# Assignment
Return exactly the lines of the data below, from the one that contains "Image 1 of Who" through the final line, and leave out every picture.

# Information supplied
══════

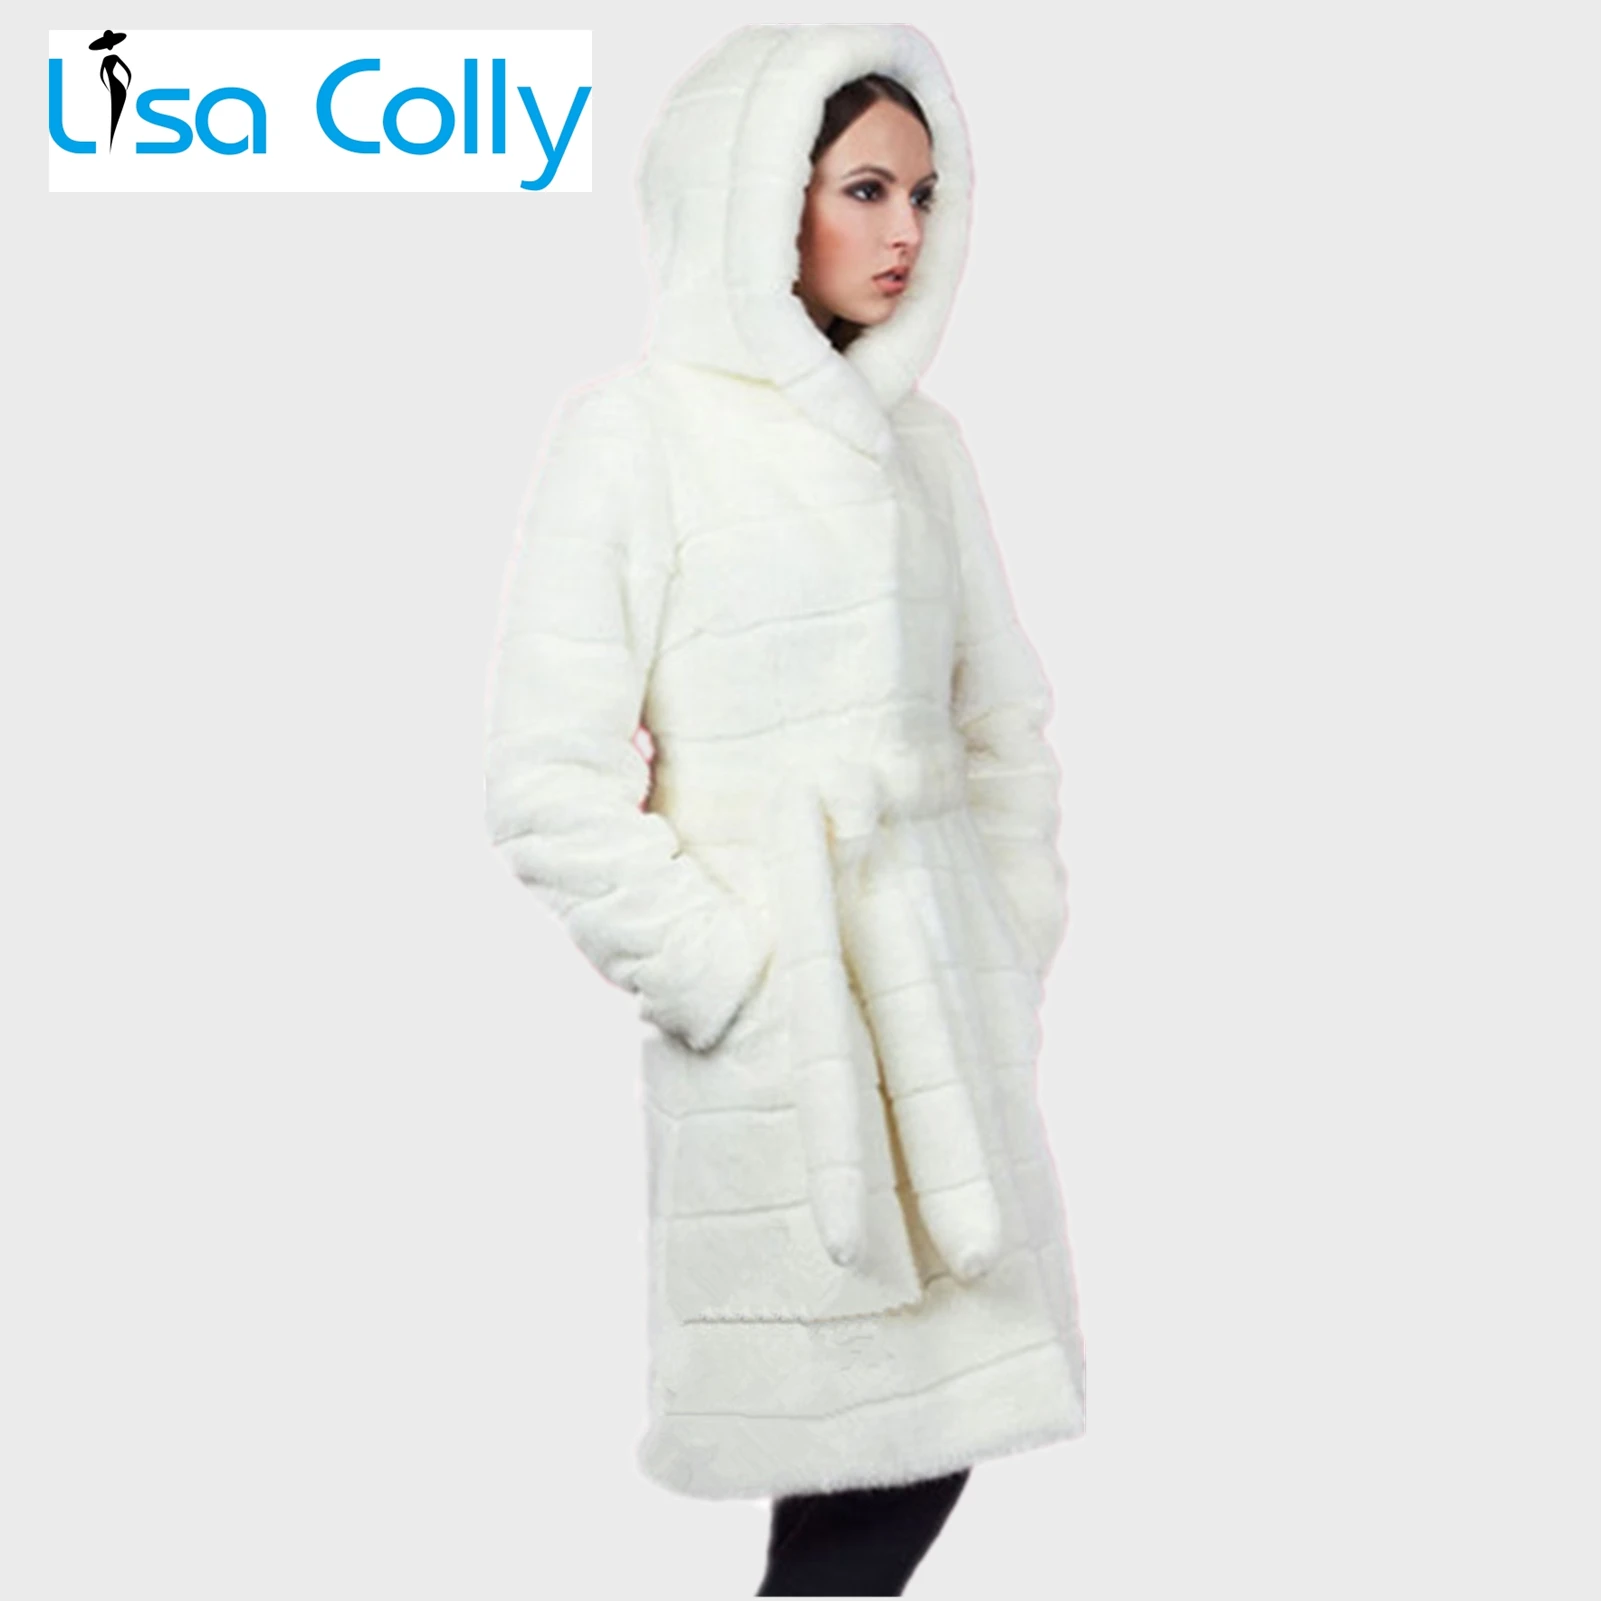 

Lisa Colly New Women White Faux Fur Coat Warm Outwear Casual Winter Long Faux Mink Jacket Coats With Hooded
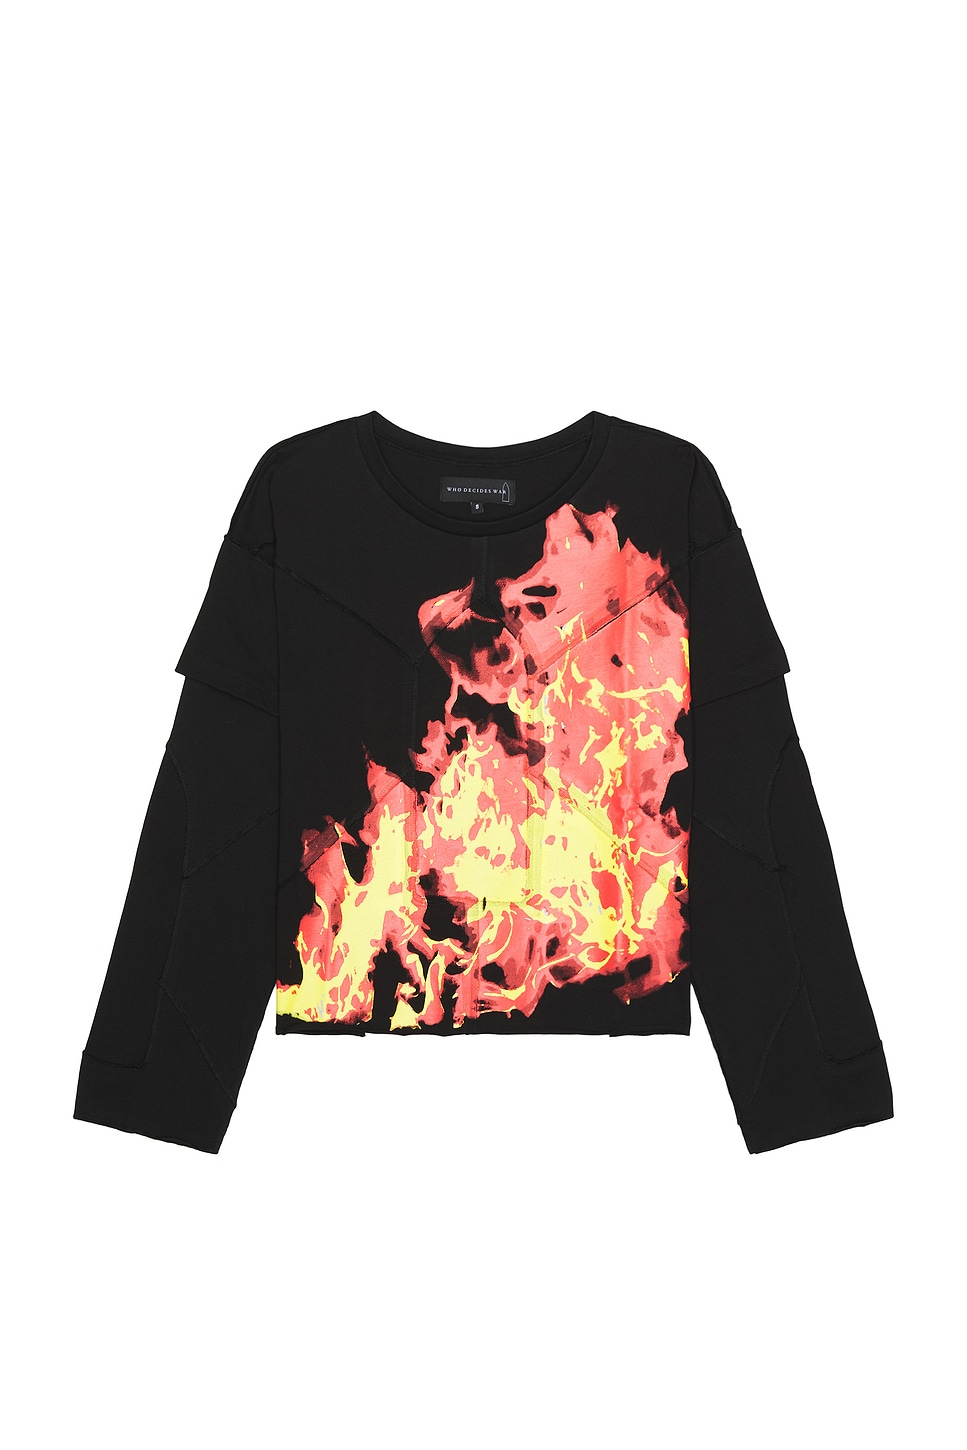 Image 1 of Who Decides War by Ev Bravado Flame Long Sleeve T-shirt in Coal
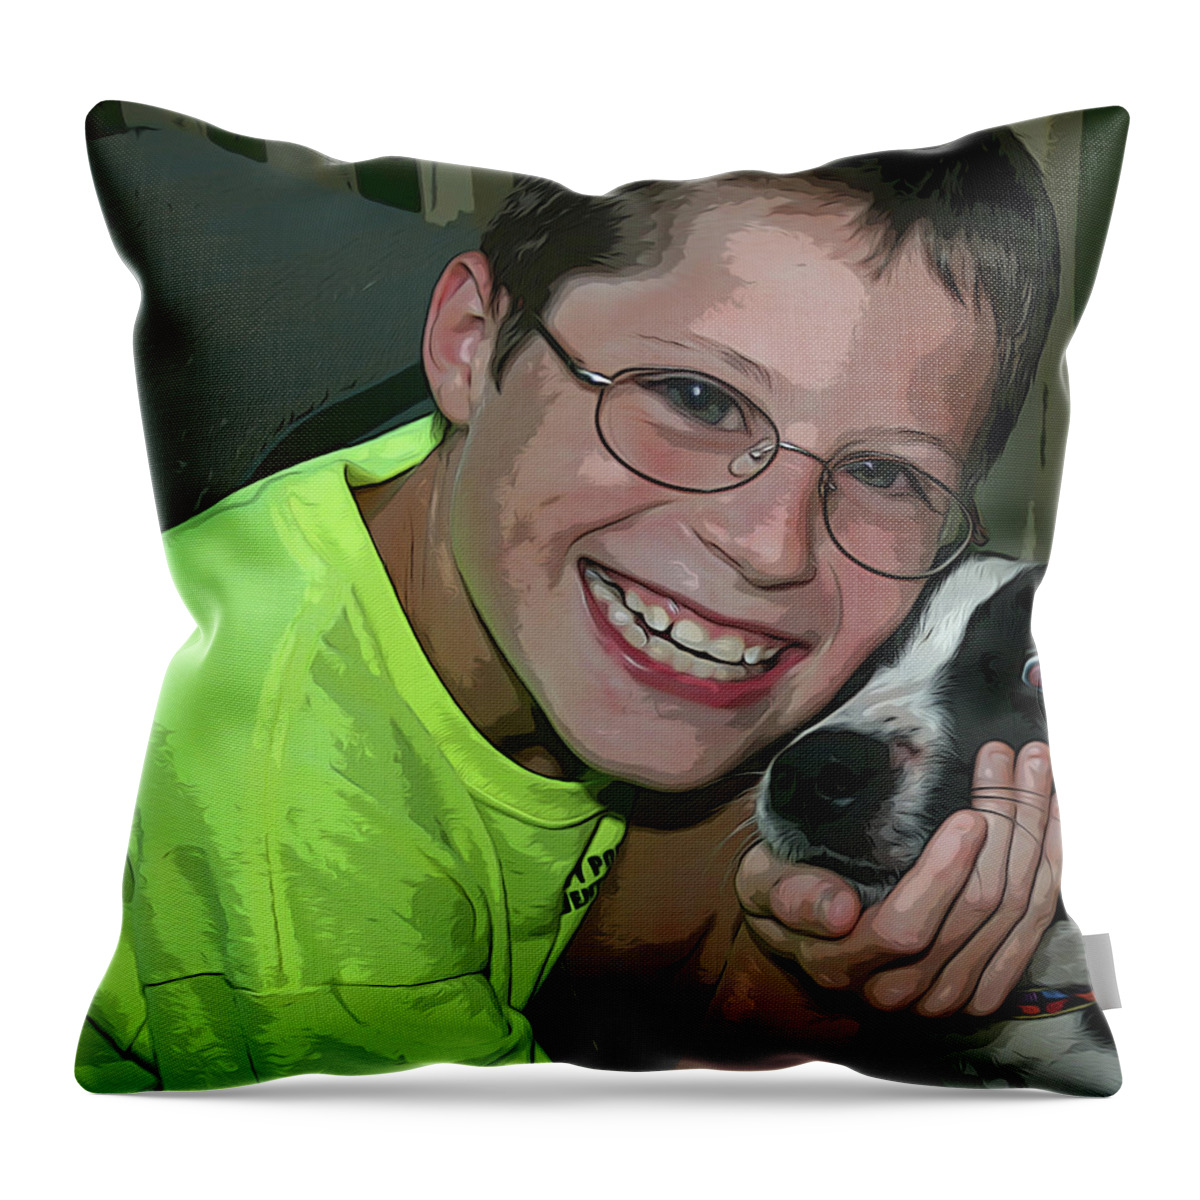 Boy Throw Pillow featuring the digital art For The Love of a Dog by Cathy Harper

══════

# Solution to this task
 Image 1 of Who Decides War by Ev Bravado Flame Long Sleeve T-shirt in Coal
 Boy Throw Pillow featuring the digital art For The Love of a Dog by Cathy Harper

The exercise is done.